## TASK TO CARRY OUT
Each line below needs to be returned exactly. Skip any picture.

## DATASET EXCERPT
%%

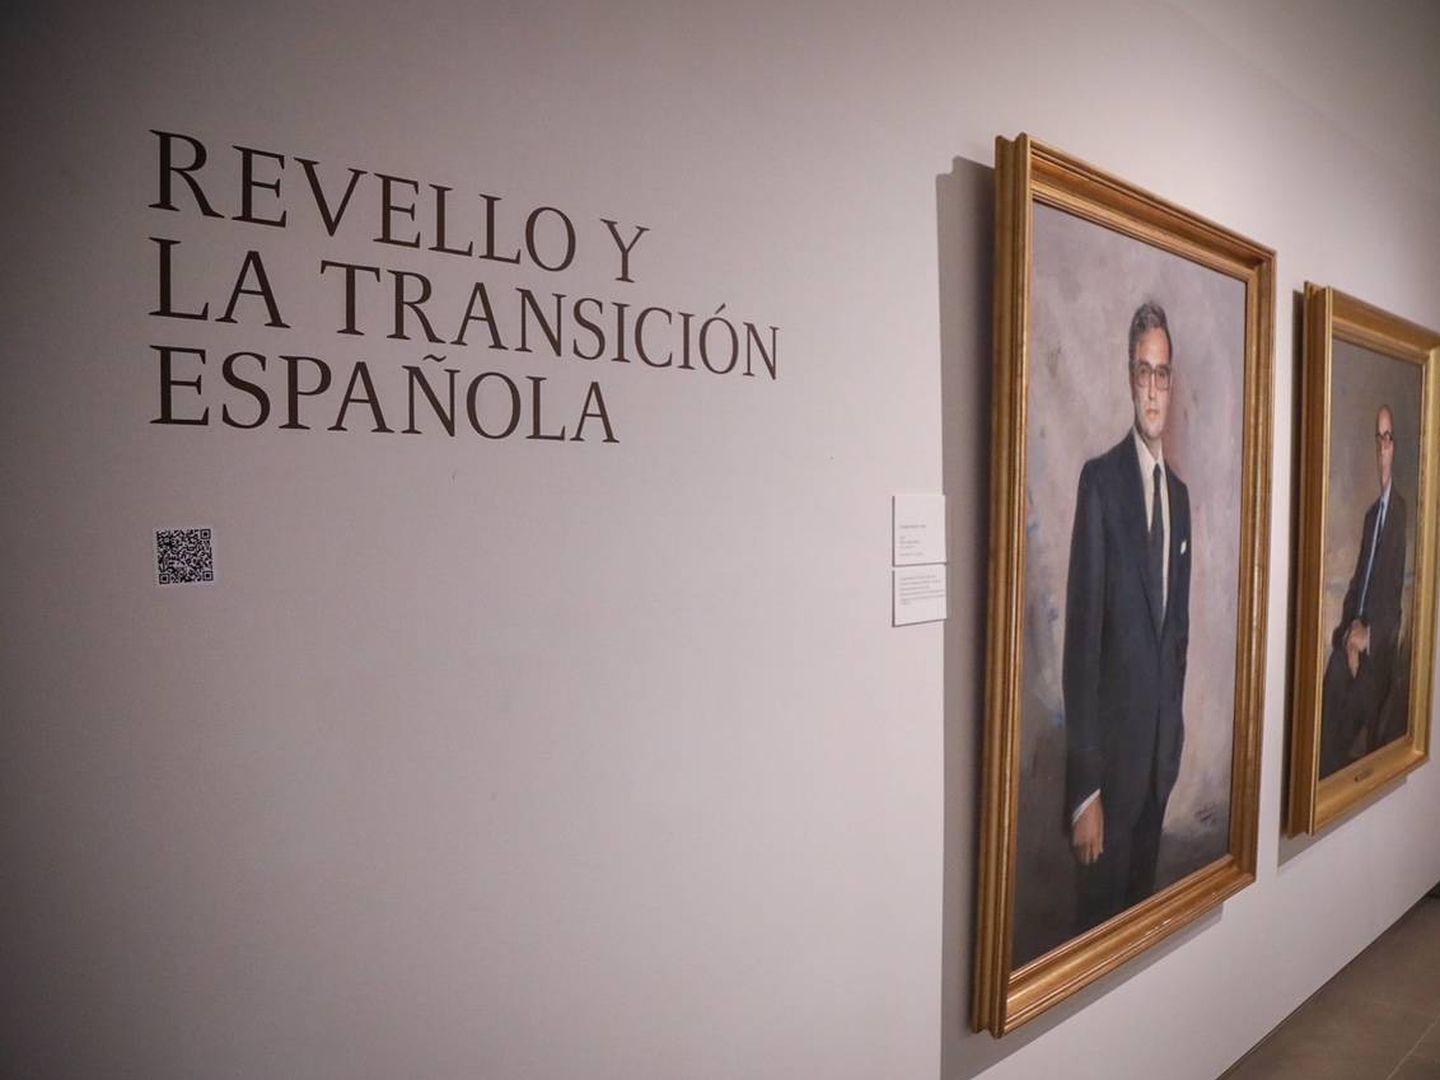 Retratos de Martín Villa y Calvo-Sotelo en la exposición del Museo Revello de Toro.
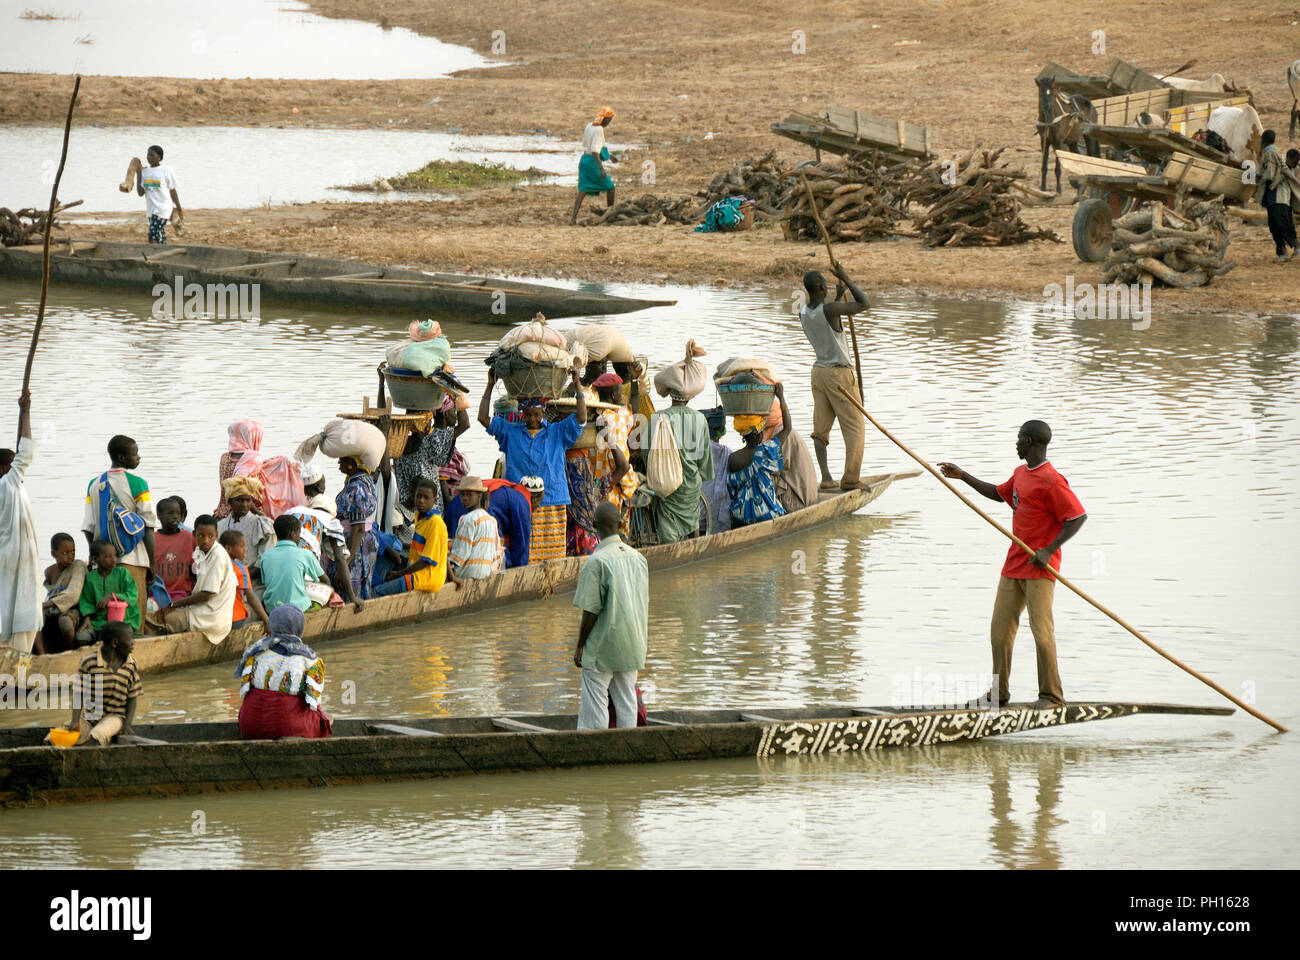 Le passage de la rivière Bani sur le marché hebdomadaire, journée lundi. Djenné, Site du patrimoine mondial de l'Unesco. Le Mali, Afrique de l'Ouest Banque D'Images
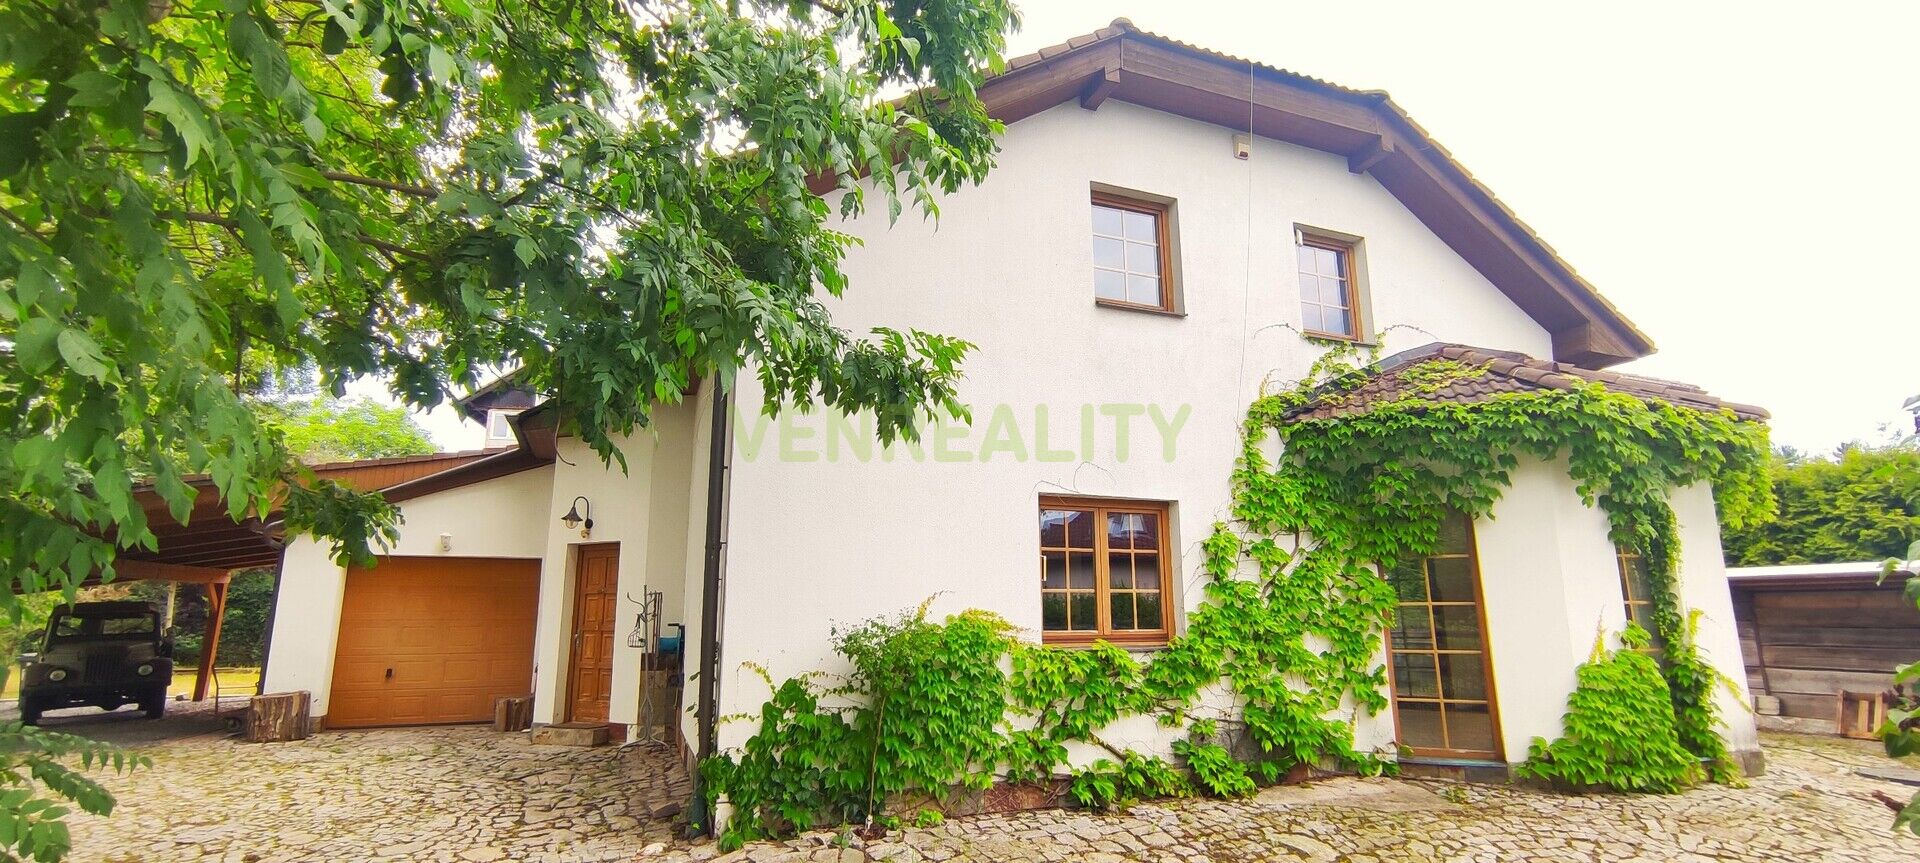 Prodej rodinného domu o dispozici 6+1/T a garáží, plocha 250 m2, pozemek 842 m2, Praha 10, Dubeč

%%

## OUTPUT OF THE TASK
 Retratos de Martín Villa y Calvo-Sotelo en la exposición del Museo Revello de Toro.
 Le passage de la rivière Bani sur le marché hebdomadaire, journée lundi. Djenné, Site du patrimoine mondial de l'Unesco. Le Mali, Afrique de l'Ouest Banque D'Images
 Prodej rodinného domu o dispozici 6+1/T a garáží, plocha 250 m2, pozemek 842 m2, Praha 10, Dubeč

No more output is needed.